Live in peace or die in pieces. Our choice. Although not a choice which can currently be made at the voting booth. Do I have a plan? Of course: A mandatory worldwide ban on ALL homicide, to be signed by representatives of every nation on earth. The outlawry of war and the end of capital punishment. A treaty to cease and desist the slaughter of our neighbors. A mandate to sanctify human life. A plan to stop this suicidal spiral into oblivion. And if there’s really any semblance of a democracy left in the U.S. of A. (a concept which I seriously doubt), we must demand support from those who we’ve chosen to trust with the keys to the kingdom in Washington, D.C. All of them.
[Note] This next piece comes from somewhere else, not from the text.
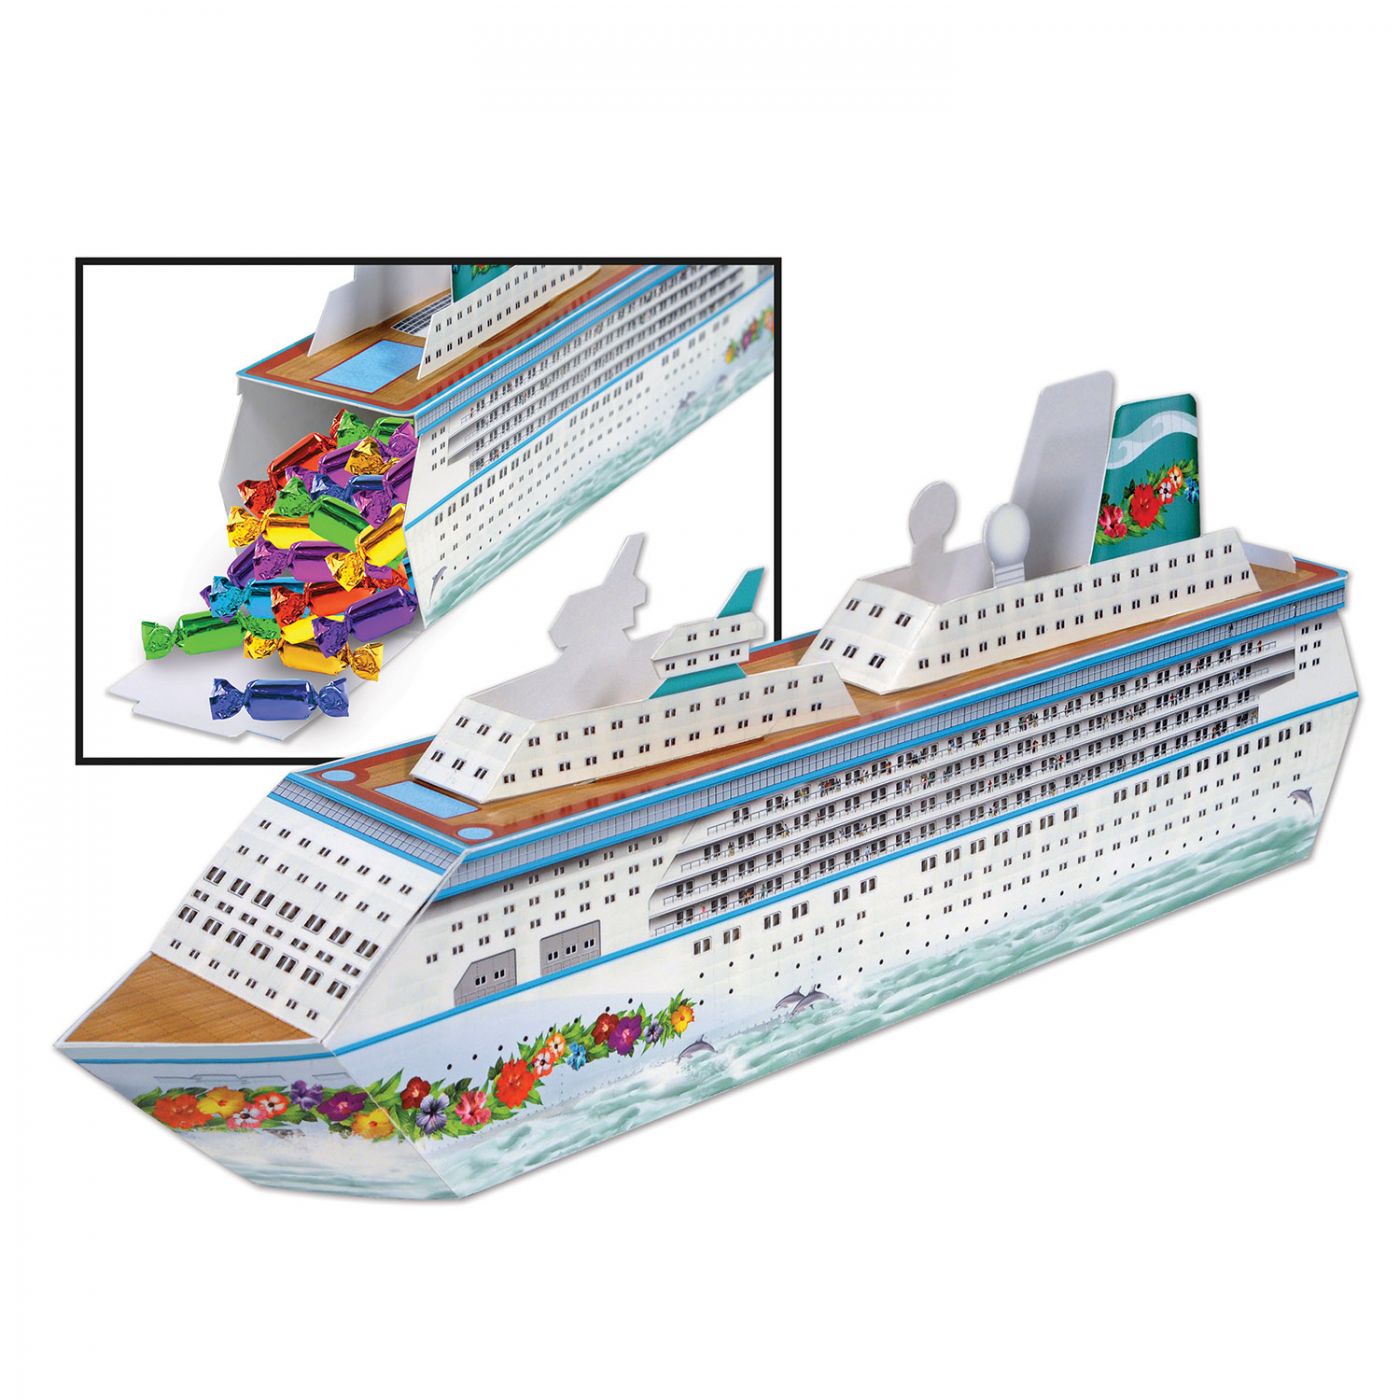 Cruise Ship Centerpiece image

If our scions are to see the sunrise a century from now, we must draw this line in the sand, honor it, obey it, and embrace the life we’re so lucky to have. I know a lot of good Christians who know for certain that it is the peacemakers who are the children of God. And yet, come election day, they settle for what appears to be the lesser of two evils…sending wolves in sheep’s clothing to vote for more mass murders for profit. It’s a rare aspiring politician who’d want to end up like 2 or 3 Kennedys, King, Evers, Malcom X, or Wellstone. So if we’re to have a future, we’re going to have to find some folks with giant testicles or ovaries to change the way this empire to end all empires does its business.
Peace. It’s more than a dream concept. It is within our grasp. If it is our will, we shall have it. We’re fast approaching the obvious alternative, and nobody’s going to be happy. So I’m keeping the grasshoppers at bay, but plan on sharing my orange crop with my neighbors.